Женщина поднесла Бурлаку стакан со спиртом.
— Выпейте, пожалуйста.
— Как авария? — спросил Бурлак, растопыренной пятерней отгораживаясь от поднесенного стакана.
— Газопровод перекрыли. Пламя сбили. Пока метет, не пробраться, — доложил Юрник. — Пейте, пейте. Вам надо уснуть.
Морщась, насилуя себя, он еле выпил тошнотворную жидкость. Хотел сказать что-нибудь веселое, шутливое, но пока раздумывал, провалился в липкую, знойную, беспамятную духоту…
— Сон для него теперь лучшее лекарство, — сказал Феликс Макарович, накрывая спящего Бурлака шубой. — Так, товарищ доктор? — И обласкал, ощупал взглядом смущенную юную докторшу. — Неплохо бы и нам сообразить чего-нибудь для сугреву души и бренного тела…
Феликс Макарович первым протрубил тревогу, всех взбаламутил и всполошил. Ему зачем-то срочно понадобился Бурлак, и, не найдя его ни в кабинете, ни дома, Феликс Макарович позвонил Юрнику и от него узнал, что пару часов назад Бурлак умчался на сто четвертый. «Добрался?» — спросил он Юрника. «Да по времени-то должен бы…» — смущенно проговорил Юрник, понимая свою оплошность. «Ты что, первый день на Севере? — сразу напустился на Юрника Феликс Макарович. — Зимник наверняка к черту. Если их накрыло — конец. Выходи на связь со сто четвертым, готовь машины».
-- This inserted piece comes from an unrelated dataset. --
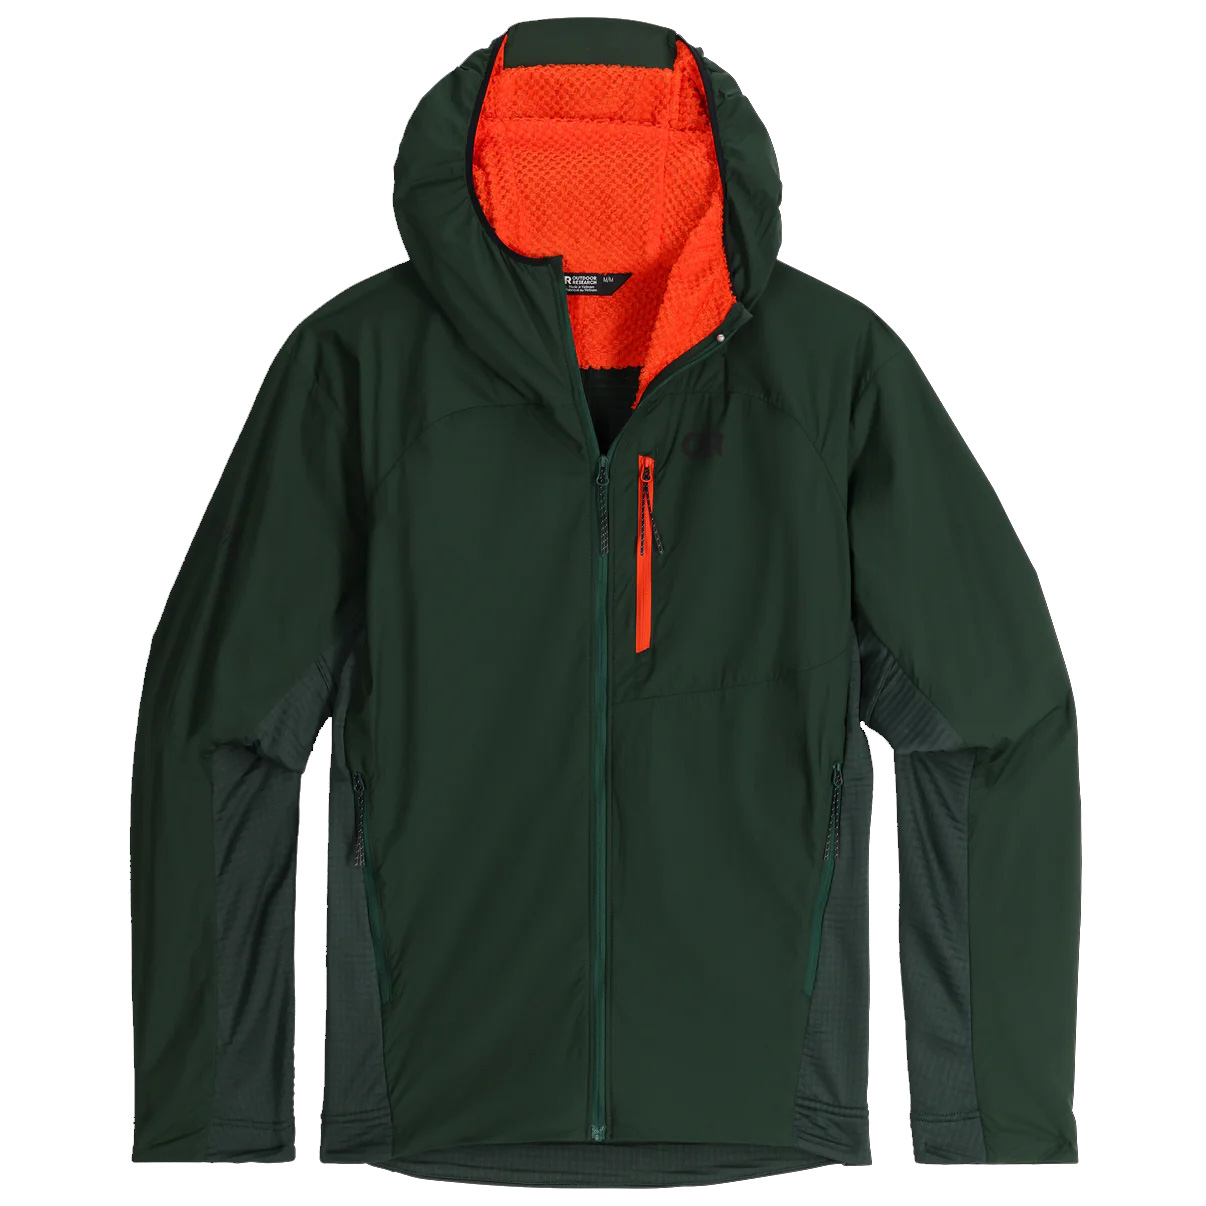 David Golay reviews the Outdoor Research Deviator Hoodie for BLISTER.

Целый час бился Юрник, поднял на ноги всех связистов Гудыма, но все-таки добрался до сто четвертого. Узнав, что Бурлака там нет, они вместе с Феликсом Макаровичем создали специальный спасательный отряд и ринулись по следам исчезнувших. Не будь у них «Катерпиллера» и могучего вездехода ГТТ, не пробиться бы сквозь буран по заметенному зимнику, не спасти Бурлака. В рубашке родился Максим Бурлак, в рубашке. Как угадал Феликс Макарович под сугробом, в сумасшедшей дикой метели, и почему Бурлак не замерз, не заболел даже, — неведомо. Видно, впрямь: кому жить — тому жить…
Припоминая позже бредовые видения ледяного беспамятства, Бурлак больше всего поражался присутствию в них бронзового дога. Давно вроде бы позабыл о нем, а он вдруг откуда-то свалился и потянул за собой, вырывая из вечного мрака небытия. Почему решил, что бронзовый дог явится спасти, а не погубить, — не знал, но даже мысли противной не допускал. И когда пережитое отболело и отвалилось, и Рюрика похоронили, и аварию ликвидировали, бронзовый дог все еще был где-то рядом, не беспокоил, не тревожил, не нагонял воспоминаний, но и не покидал. Что ему было нужно? Зачем снялся с литого пьедестала и примчался в студеный край?..
После этого проклятого бурана что-то сдвинулось, слетело, сорвалось, треснуло в психическом механизме Бурлака. Что?.. Почему?.. Как?..
Дотошно и упорно копался Бурлак в собственной сути, анализировал свои поступки, слова и мысли. Иногда ему удавалось как бы отслоить, оторвать разум от тела, и он со стороны придирчивым, прокурорским взглядом вглядывался в себя, в свои отношения с Ольгой, с друзьями, с миром. Ничего тревожного, ничего неприятного не виделось вокруг до тех пор, пока не соскальзывал взгляд на прожитое, где были Марфа и Лена. Нет, он не раскаивался, не казнился, не винил себя, и тем не менее даже мимолетное воспоминание о недавнем прошлом колебало, искажало настоящее, порождая противное чувство неловкости, неуверенности и стыда. Он давил это чувство и, оттого что был бессилен справиться с ним, негодовал и злился на всех. Иногда вспышки раздражения сменялись приступами щемящей тоски по чему-то очень дорогому, утраченному невозвратной глупа Только усилием воли, порой с большим трудом, он подавлял хандру. «Все нормально. Никаких «но». Никаких сомнений…»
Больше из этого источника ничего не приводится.